The second part (which many people miss in the data-governance evolution): brands want partners where their data and their interactions with users aren't going to benefit their competitors, and where their risk isn't being amplified by advertising through those partners. Data governance pertains both to the brand's own technology stack and to making sure partners are executing honestly with the least amount of data possible. That preserves trust with users and is being upfront about how data is used and transmitted. Fortune 100, Fortune 500, all the way to the Etsy shops.

Leading privacy at RTB House might be easier than leading at a brand, oddly. At a major global brand, the tension between the people who build and sell the product and the people who keep you safe is constant. There's a balancing act in ad tech too. RTB House, which came up during GDPR, has a straightforward mission: enable our advertisers' data to deliver lift. The use of advertiser data, identifiers, where data flows, how much we keep: all of it is gelled into the privacy strategy.

From the consumer's view: get a user to download your app, authenticate, sign up, buy not only their first thing and their second and third, and you've created somebody with you for life. You've given them time to think about the trust relationship through thoughtful prompts and forthright disclosures. They become comfortable seeing your products in unexpected environments.

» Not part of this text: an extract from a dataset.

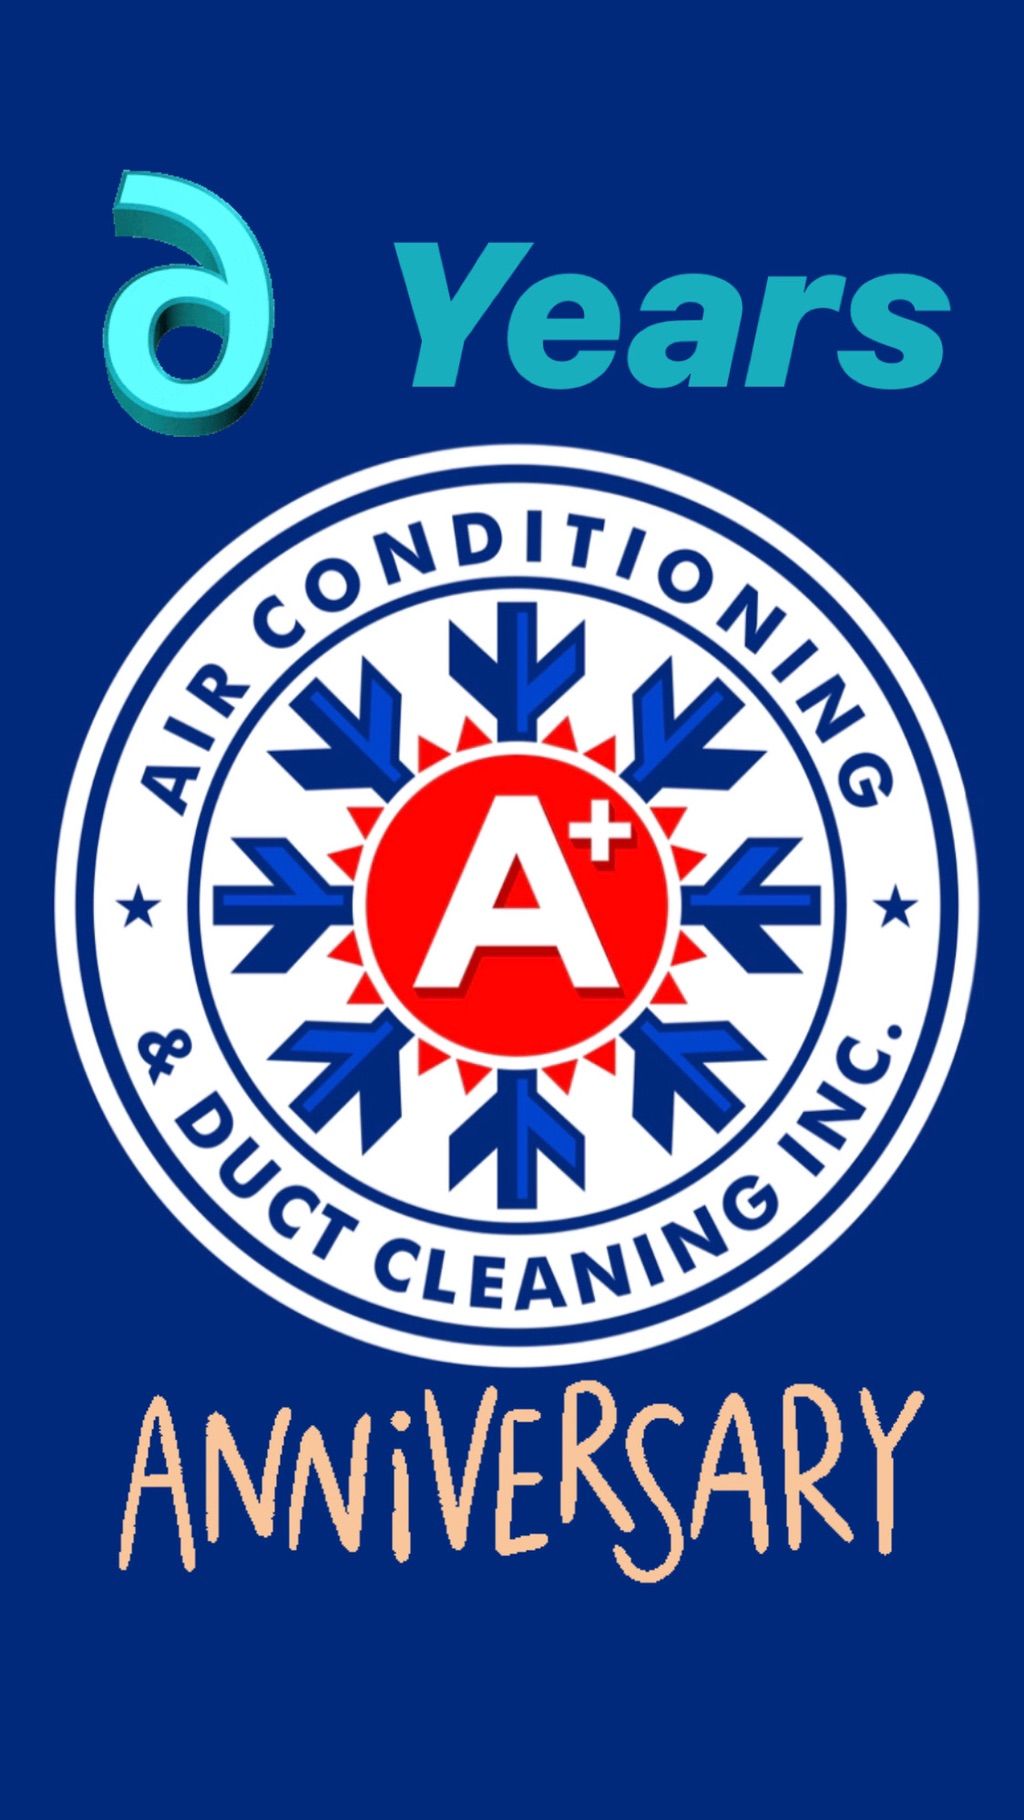 A+ Air Conditioning & Duct Cleaning inc.

If you're Nike with a shopper who loves Air Force Ones, they're delighted to see those Air Force Ones on the Washington Post or Der Spiegel. They might ask why am I seeing this? You want the why am I seeing this moment to feel like joy, rather than horror. Not stalking me across the web.

There are things you can do as the individual overcoming. In this environment, it has to be coalitions. No single company can shape what federal regulators do, what state regulators do, what the EU does, what New Zealand does, what Tech Lab does. Collaborative, coalition-driven effort.

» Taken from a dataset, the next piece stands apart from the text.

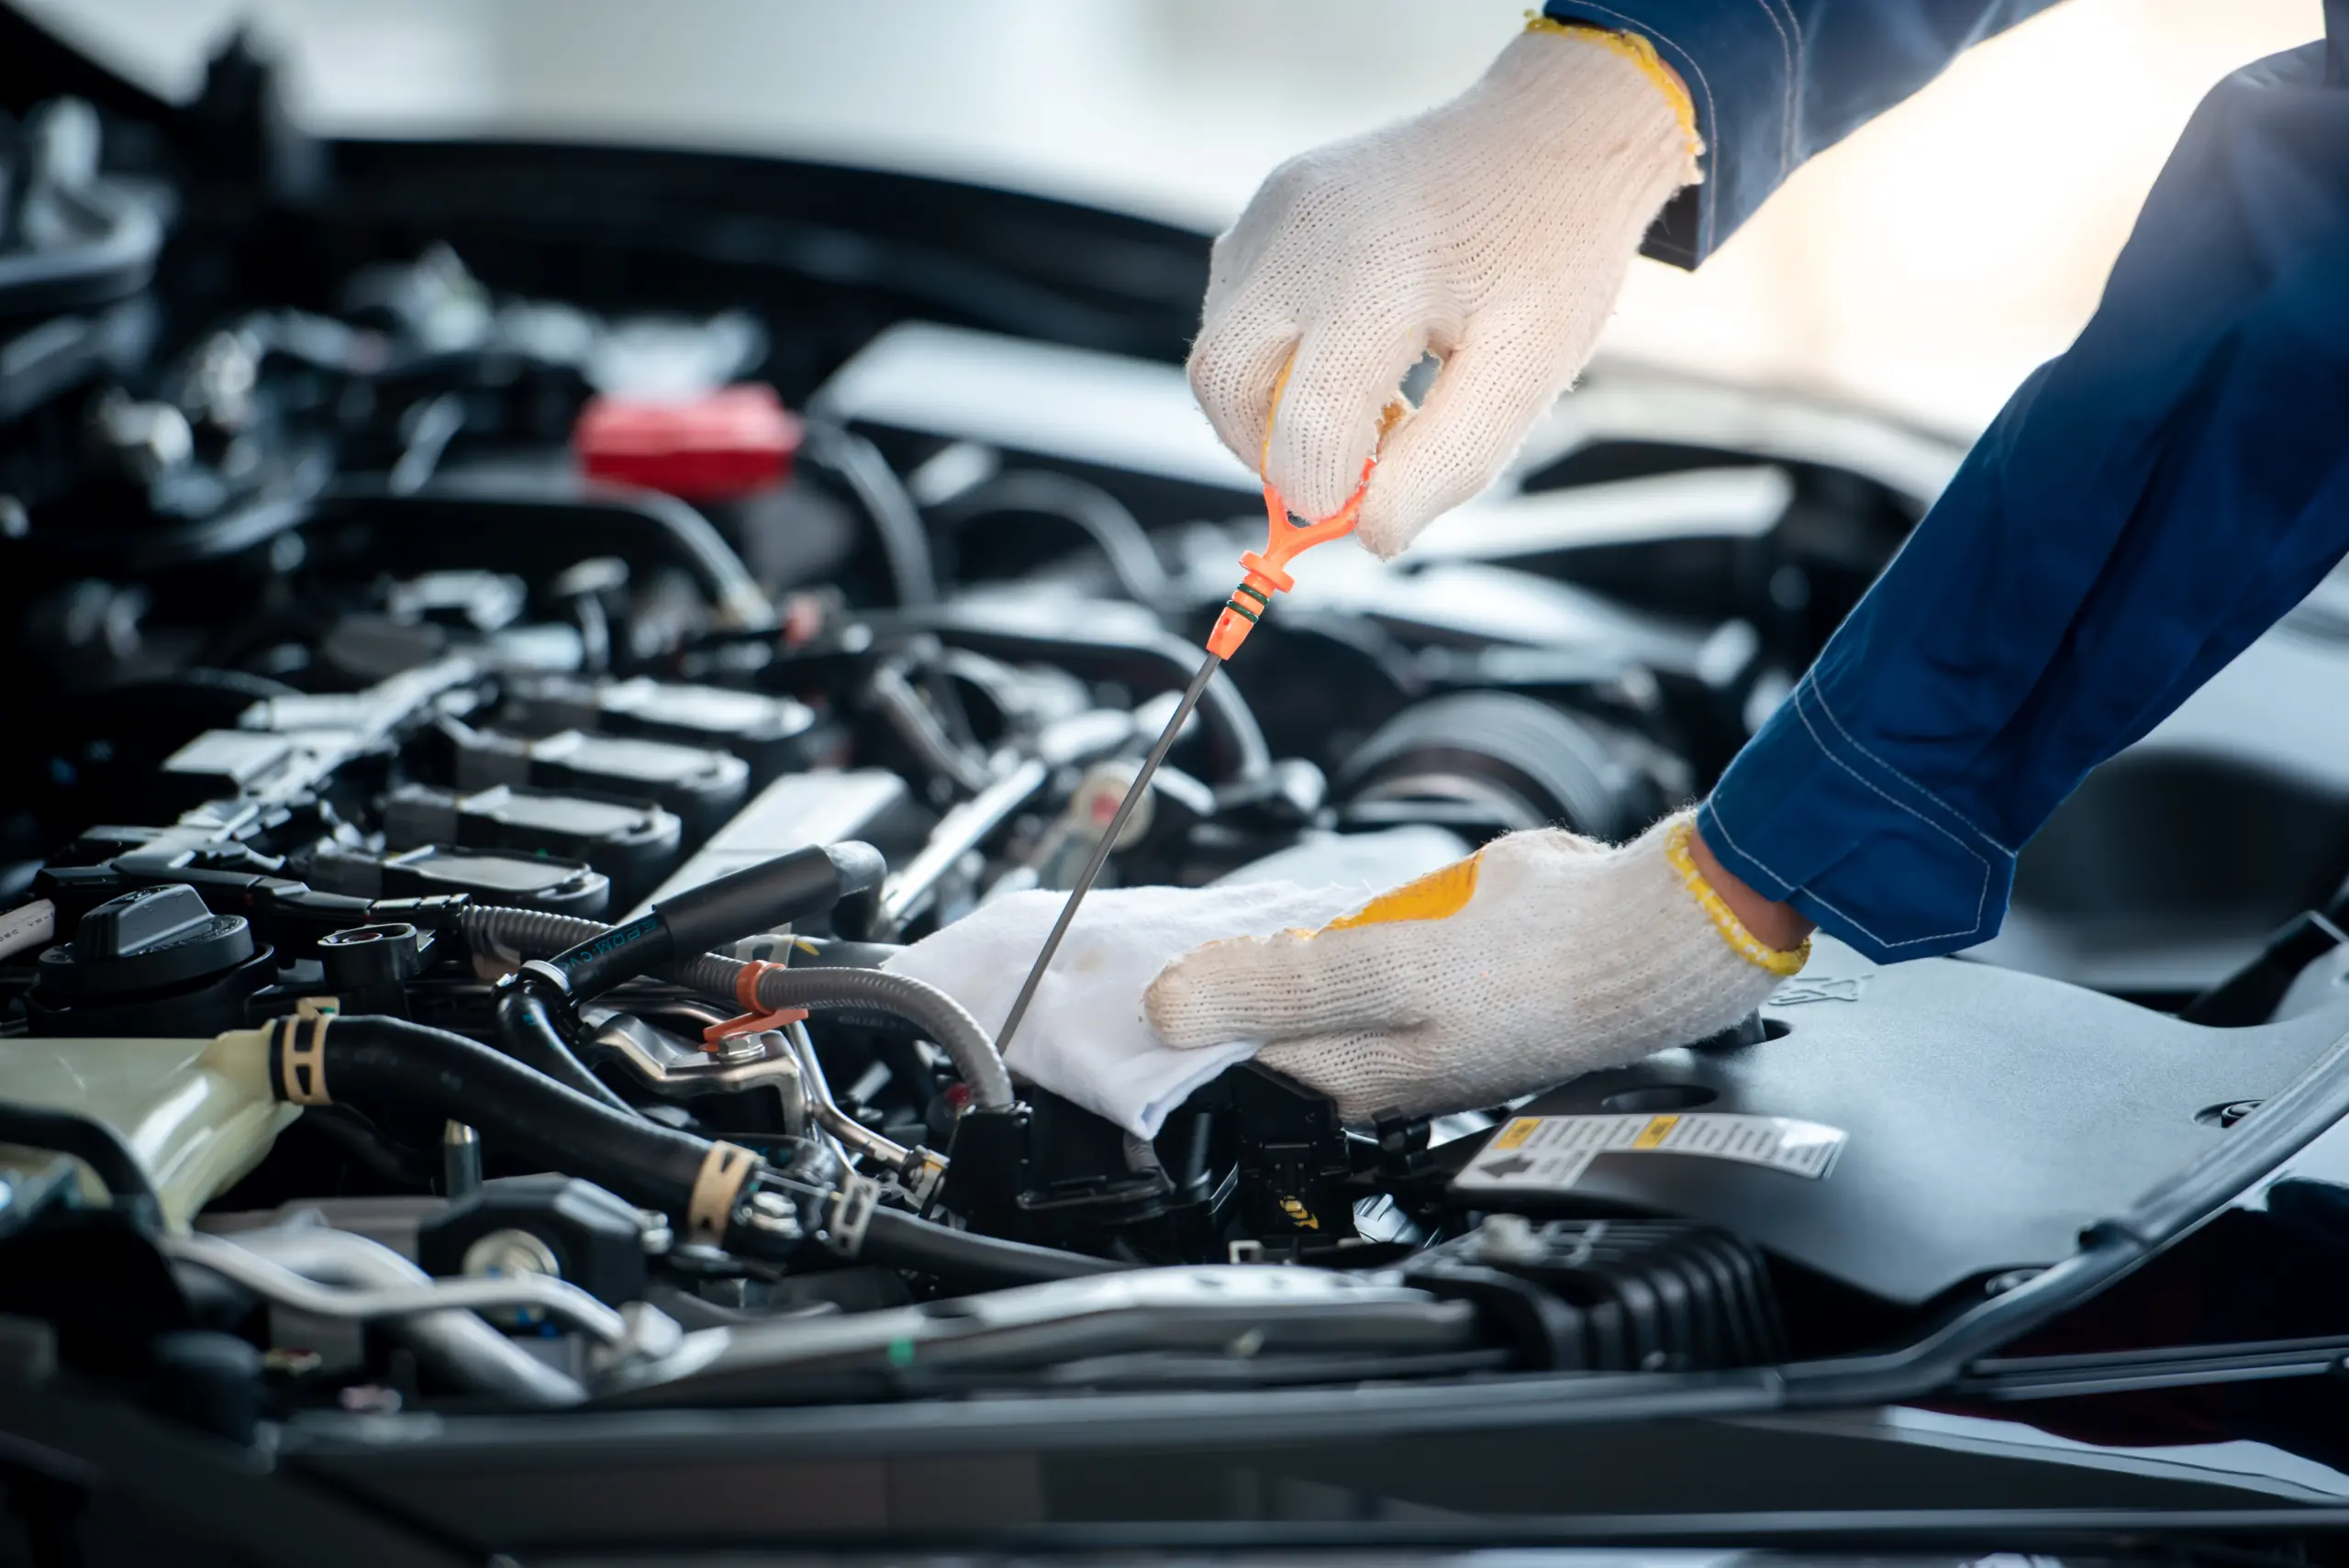 Engine inspection on a company or personal vehicle in a garage.

If you're a marketer, work with partners running point with peers across the regulatory environment. If you're ad tech, engage. Learn the fundamentals. Sometimes that's you need a privacy policy. Sometimes it's here are specific ways you have to use the OpenRTB protocol. Get engineers involved.

It comes down to trust. Not everyone gets sued for doing something illegal, and they will turn off the people they want to buy the product. Understanding privacy at its core ethical layer (why someone is drawn to something, why someone is horrified by something) is elemental to a successful business.

In the Gen AI everywhere era, many people come up with ideas and don't stop to think about how they'd feel if they were impacted by their own product. Take a beat and think about how you'd feel if you were affected by your own product. Your marketing will be better. You're also less likely to get sued.

RTB House is in our F1 moment. F1 has the problem of being awesome in Europe, awesome in Asia, awesome in Latin America, and asking what's up with those 340 million Americans who spend more money than anyone else? F1 solved it with Drive to Survive and a Brad Pitt movie. Now everyone's watching; F1 outside the US is the most popular per-event thing short of the Super Bowl and the World Cup Final.

We're doing well in the US. A lot of that is convincing advertisers of the power of their data and of how much less and how much riskier it is to use more than they need. Not only of their own data and of enriched data, of adding more to it, of slicing the dollar too fine. The advertiser (and the ad tech) doesn't only want to benefit the advertiser; it should benefit the user and the publisher. Publishers create the open web we know and love.

A lot of people think the open web is closing into walled gardens from here. There's data to that. And there are still millions of domains and billions of content creators producing on the open web that we access through a browser, a phone, and soon through glasses. It's not time to go from existential crisis to abandonment. It's time to be useful, novel, and to think quickly and creatively about how to use the open web.